An overview of the part of the eastern sector of the IFO-2 camp in the sprawling Dadaab refugee camp, north of the Kenyan capital Nairobi seen on April 28, 2015. AFP PHOTO/Tony KARUMBATONY KARUMBA/AFP/Getty Images

Kenya said Wednesday it had set aside $10 million to help fund the closing of the world’s largest refugee camp, home to around 350,000 mostly Somali refugees, citing security fears.

Kenya hosts around 600,000 refugees, some of whom have lived in the country for a quarter of a century.

On Friday an interior ministry official announced a plan to refuse new refugee arrivals and shut Dadaab on the Kenya-Somalia border.

“For reasons of pressing national security that speak to the safety of Kenyans in a context of terrorist and criminal activities, the government … has commenced the exercise of closing Dadaab Refugee Complex,” Interior Minister Joseph Ole Nkaissery told a press conference in Nairobi.

“The refugees will be repatriated to their countries of origin or to third party countries for resettlement,” Nkaissery said.

Nkaissery said the government would provide $10 million (just under nine million euros) “to kick-start the repatriation process and subsequent closure of Dadaab”, adding that a timetable was being drawn up.

Charities and the UN refugee agency are dismayed by the plan while human rights groups have warned that forcibly repatriating refugees would break international law.

Nkaissery repeated claims that terrorist attacks on Nairobi’s Westgate shopping mall, at Kenya’s Garissa university and elsewhere, “were planned and deployed from Dadaab refugee camp by transnational terrorists,” but no credible evidence has yet been provided to support these allegations.

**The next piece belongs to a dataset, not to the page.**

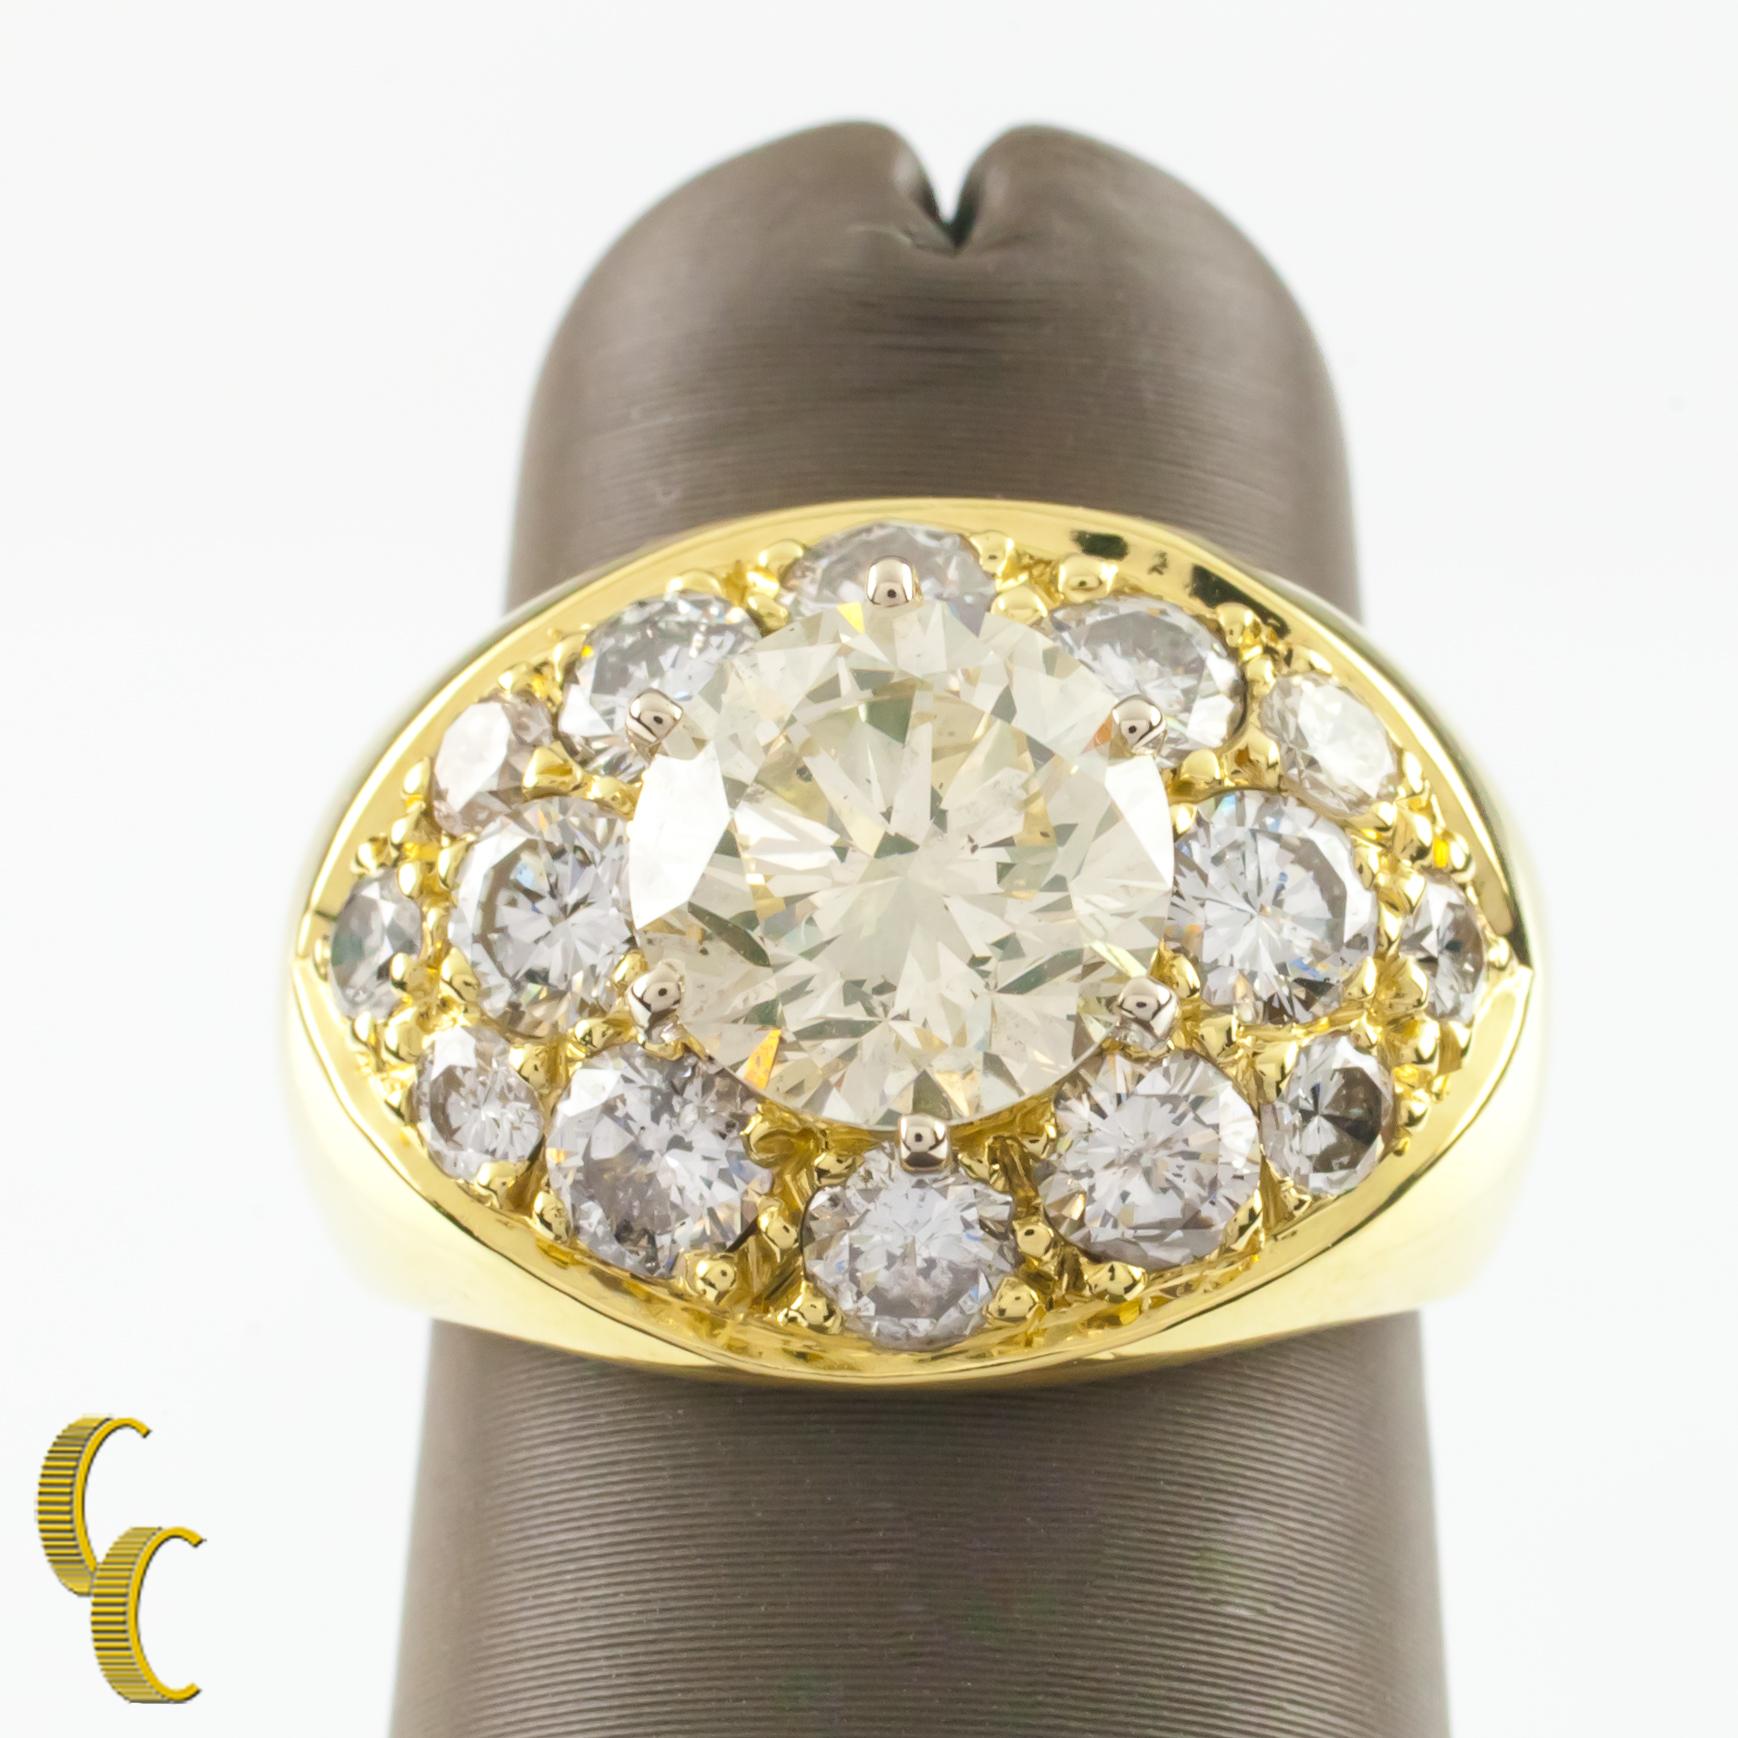 4.82 Carat Round Brilliant Diamond 18 Karat Yellow Gold Cocktail Ring In Excellent Condition For Sale In Sherman Oaks, CA

Nkaissery compared Kenya’s Somali refugees to Syrian refugees in Europe.

“ISIS has taken advantage of refugee inflows and processes to install its destructive cells. So much so that governments across Europe and the Middle East have taken unprecedented efforts to limit refugee inflows into their countries on the grounds of national security,” he said.

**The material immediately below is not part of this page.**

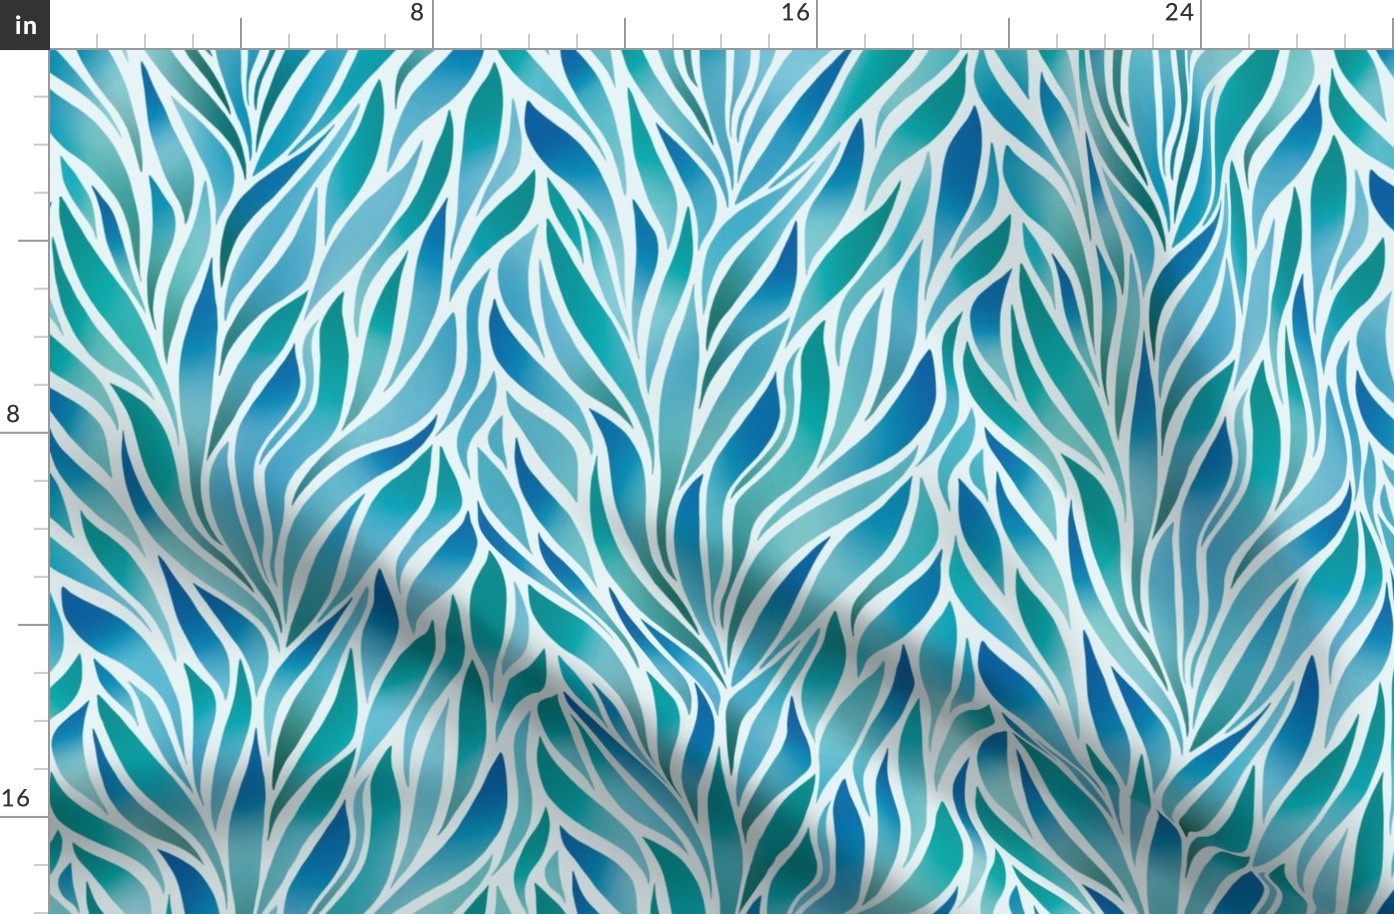 Abstract pantone seaweed - large scale / 18"x21" fabric // 24"x28" wallpaper

Nkaissery said Kenya, too, faces a potential threat from the Islamic State group, adding: “Kenya cannot look aside and allow this threat to escalate any further.”

“This decision has been made by government reflecting the fact that the camps have become hosting grounds for Al-Shebab as well as centres of smuggling and contraband trade besides being enablers of illicit weapons proliferation,” Nkaissery said, referring to Somalia’s Al-Qaeda aligned group.

Dadaab residents, aid agencies on the ground and independent observers deny that Islamic militants find a safe haven there, while numerous reports have highlighted the role of corrupt Kenyan officials in the smuggling of charcoal, sugar and people through Dadaab.